Персонал корпорации по-военному организованно покидал плац. Когда не осталось никого, Бержер отдала приказ выключить освещение.
– Звукооператоры, жду вас в кабинете через десять минут, – прозвучало в полумраке на весь двор.
28 апреля, 8:49. Монктон
Ему удалось сохранять благостно-постную мину, пока он спускался с трибуны и пока ассистенты высвобождали его из парадной хламиды. Чинно пройти до облезлой двери гримерки. И лишь захлопнув за собой дверь, он позволил себе залиться смехом.
Прекрасно, нет, действительно прекрасно! Впитывали каждое слово, как коврик грязную воду. Прелесть просто!
…Перевод в Метрополис, да еще под начало какой-то дамочки, Монктон однозначно воспринял как целенаправленное унижение. Однако с каждым днем он все сильнее убеждался в том, что Бержер он невольно сказал правду: это не ссылка, это и впрямь повышение. Да, здесь отвратительный воздух, дым постоянный, где-то все время что-то горит, – но какие тут люди! Сколько в них покорности!

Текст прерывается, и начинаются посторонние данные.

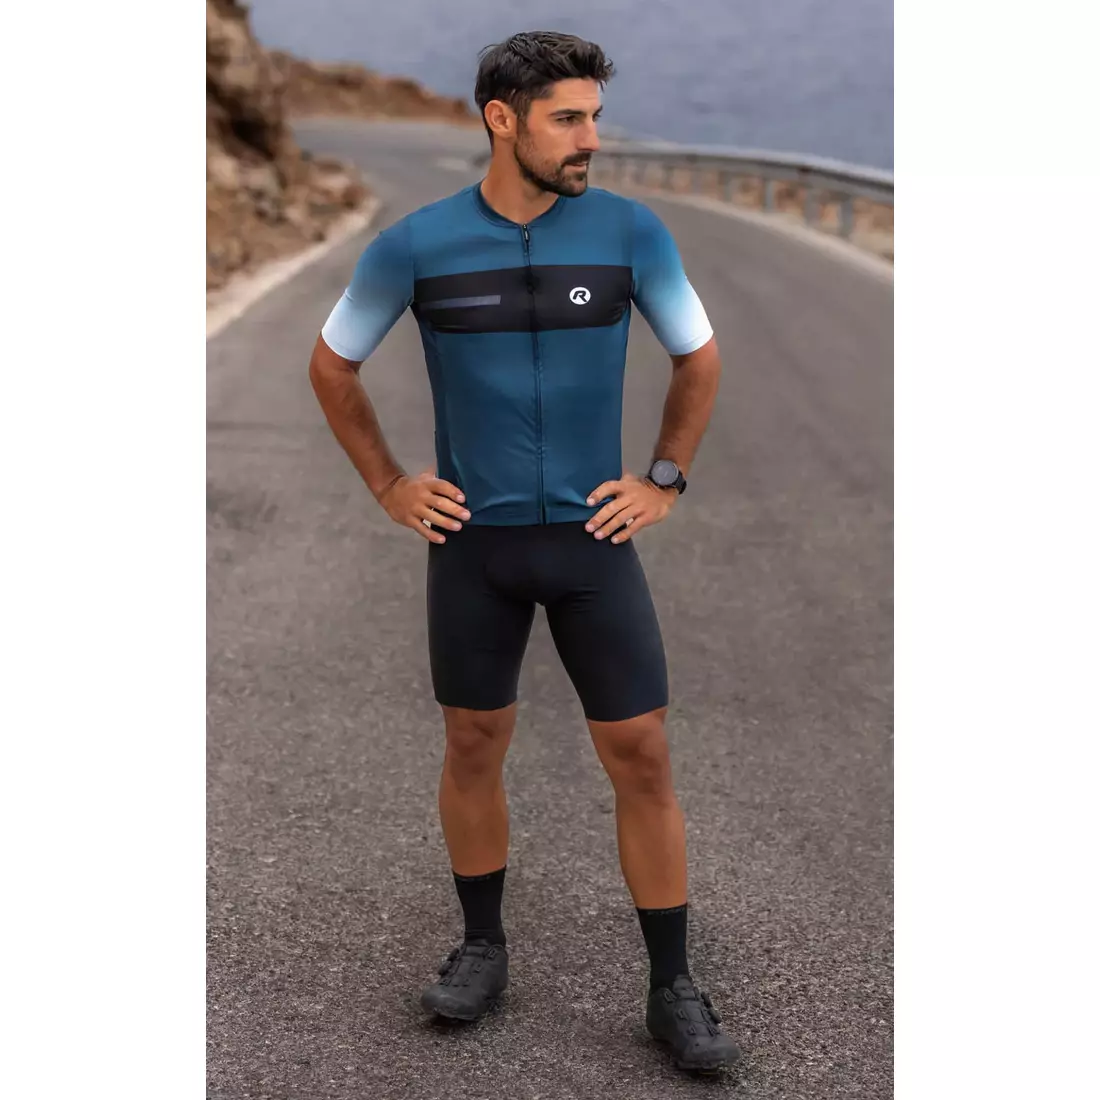 Rogelli DAWN pánsky cyklistický dres, modrá
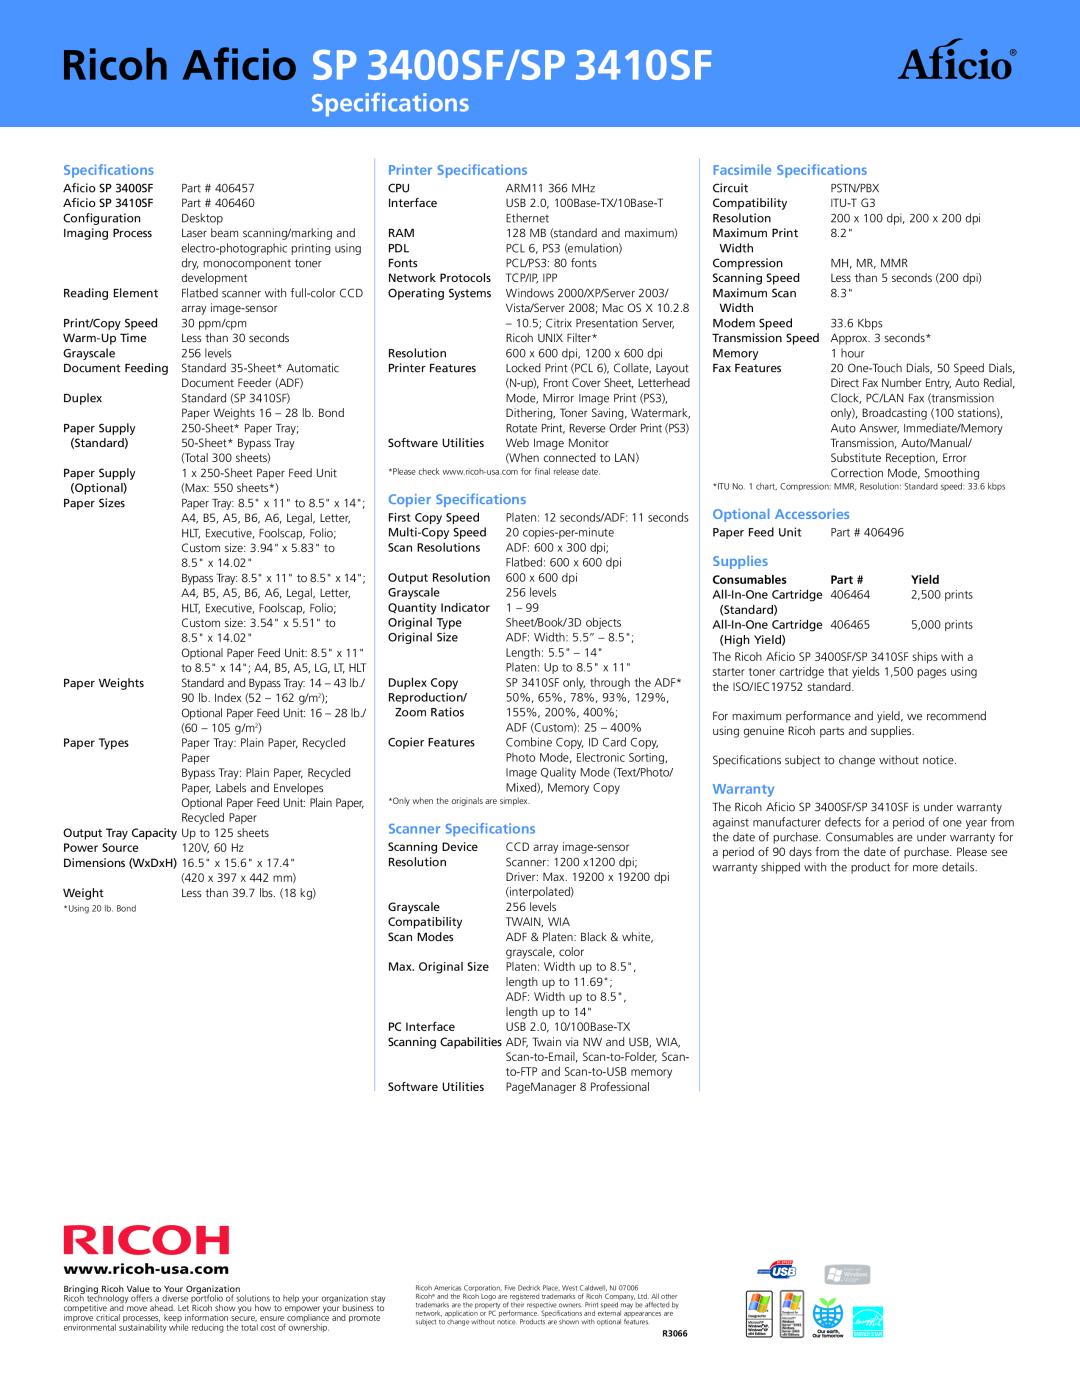 Ricoh manual Ricoh Aficio SP 3400SF/SP 3410SF, Printer Specifications, Copier Specifications, Scanner Specifications

Интересно, кто же их так вышколил? Бержер? Вряд ли. Слишком молода. Хотя, конечно, дама суровая, идейная. Слабых мест не прочитывается, пока, по крайней мере. Но подождем, поглядим.
Цель прошлого «проекта» Монктона явно превосходила эту Бержер по всем параметрам. Он рискнул – и потерпел полный провал, за которым последовал унизительный перевод в бывшую столицу, к черту на кулички…
Но зато здесь, похоже, будет где развернуться. Нигде еще Монктон не видел такого воплощенного идеала Нового Человека, как тут, в этой корпорации. Homo nortempericus: смиренный и одновременно свирепо послушный, к самостоятельному принятию значимых решений не способный, насилие всегда принимающий как должное, а вот отсутствие внимания – как худшую кару…
«Пять минут до начала заседания Комитета по нравственности. Третий корпус, четвертый этаж, зал 403», – произнес синтезированным баритоном динамик над зеркалом.
Промыв вставную челюсть и водворив ее на место, Монктон широко улыбнулся своему отражению. Завтра те же люди снова построятся в колонны, и он расскажет им о благодетельности и необходимости страданий.
Ну а сейчас он будет разбирать неблаговидные поступки морально неустойчивых элементов. Прекрасное развлечение!